Алекс де Клемешье - Сын Дога
* * *
– Вот я сейчас не поняла, – с изумлением глядя на захлопнувшуюся дверь, сказала Танюша.
– Вера! – попытался привстать Угорь. – Вера, постой!
– Лежать! – сердито прикрикнула ведунья и потащила сумки в закуток за голландкой. – Ох уж мне эти ранимые комсомолки! Не разберутся, не сообразят – а уже выводы делают.
– Ты почему нагишом?! – с отчаянием воскликнул Угорь.

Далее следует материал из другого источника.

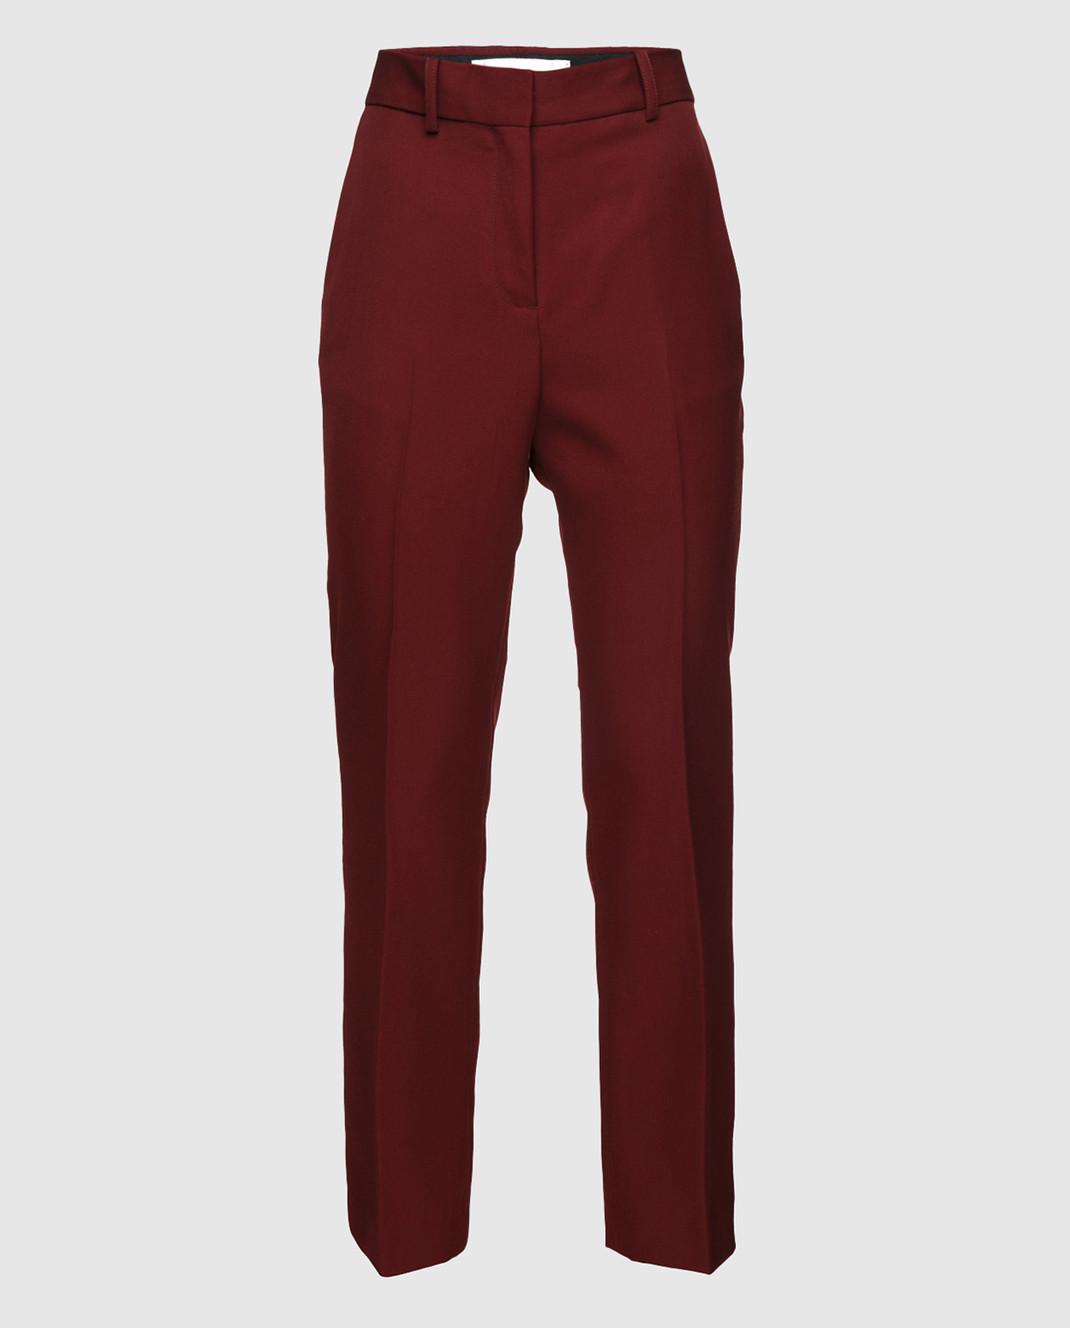 Victoria by Victoria Beckham Бордовые брюки из шерсти TRVV085B

Округлив глаза, Таня возмущенно фыркнула.
– Ты обалдел, что ли, Жень?! Тут сейчас градусов пятьдесят, я и так насквозь мокрая! Магией-то камушки, которые у тебя на спине, сейчас не раскалишь, не нагреешь, вот и приходится старым дедовским способом, в печке… – Она тараторила с вызовом, но Угорь улавливал в ее голосе смущенные, виноватые нотки. Впрочем, что это меняло? Вера подумала о них невесть что, обиделась, сбежала… Танечка снизила тон, сказала примирительно: – Ты не беспокойся, я позвоню ей и все объясню.
– Нет, мне надо самому!
– Тебя она сейчас и слушать не станет, она уже все себе придумала.
– Какой кошмар…
– Видали и кошмарнее! Лежи и не трепыхайся.
Угорь лежал и страдал. Страдал оттого, что оказался в нелепейшей ситуации, оттого, что достаточно узнал Веру, чтобы понимать, какие мысли и чувства кипят сейчас у нее внутри. И так-то все нескладно, а тут еще и Танечка в нижнем белье у него дома! И как назло – Сумрак бурлит! И не послать вдогонку снимающее обиду и тревогу заклинание, и не произвести минимальное воздействие, вселяющее уверенность. Положа руку на сердце, Евгений не был уверен, что использовал бы возможность произвести воздействие на Веру. Но когда у тебя даже возможности нет – это чересчур!
– Когда ты меня вылечишь? – строго спросил он у Танечки.
– Я вообще-то только начала! – обиженно отрезала ведунья.
Зашуршали невидимые Евгению бумажные пакетики и кулечки, поплыл по комнате запах сушеных трав, а потом и аромат какого-то травяного напитка – горький и пряный.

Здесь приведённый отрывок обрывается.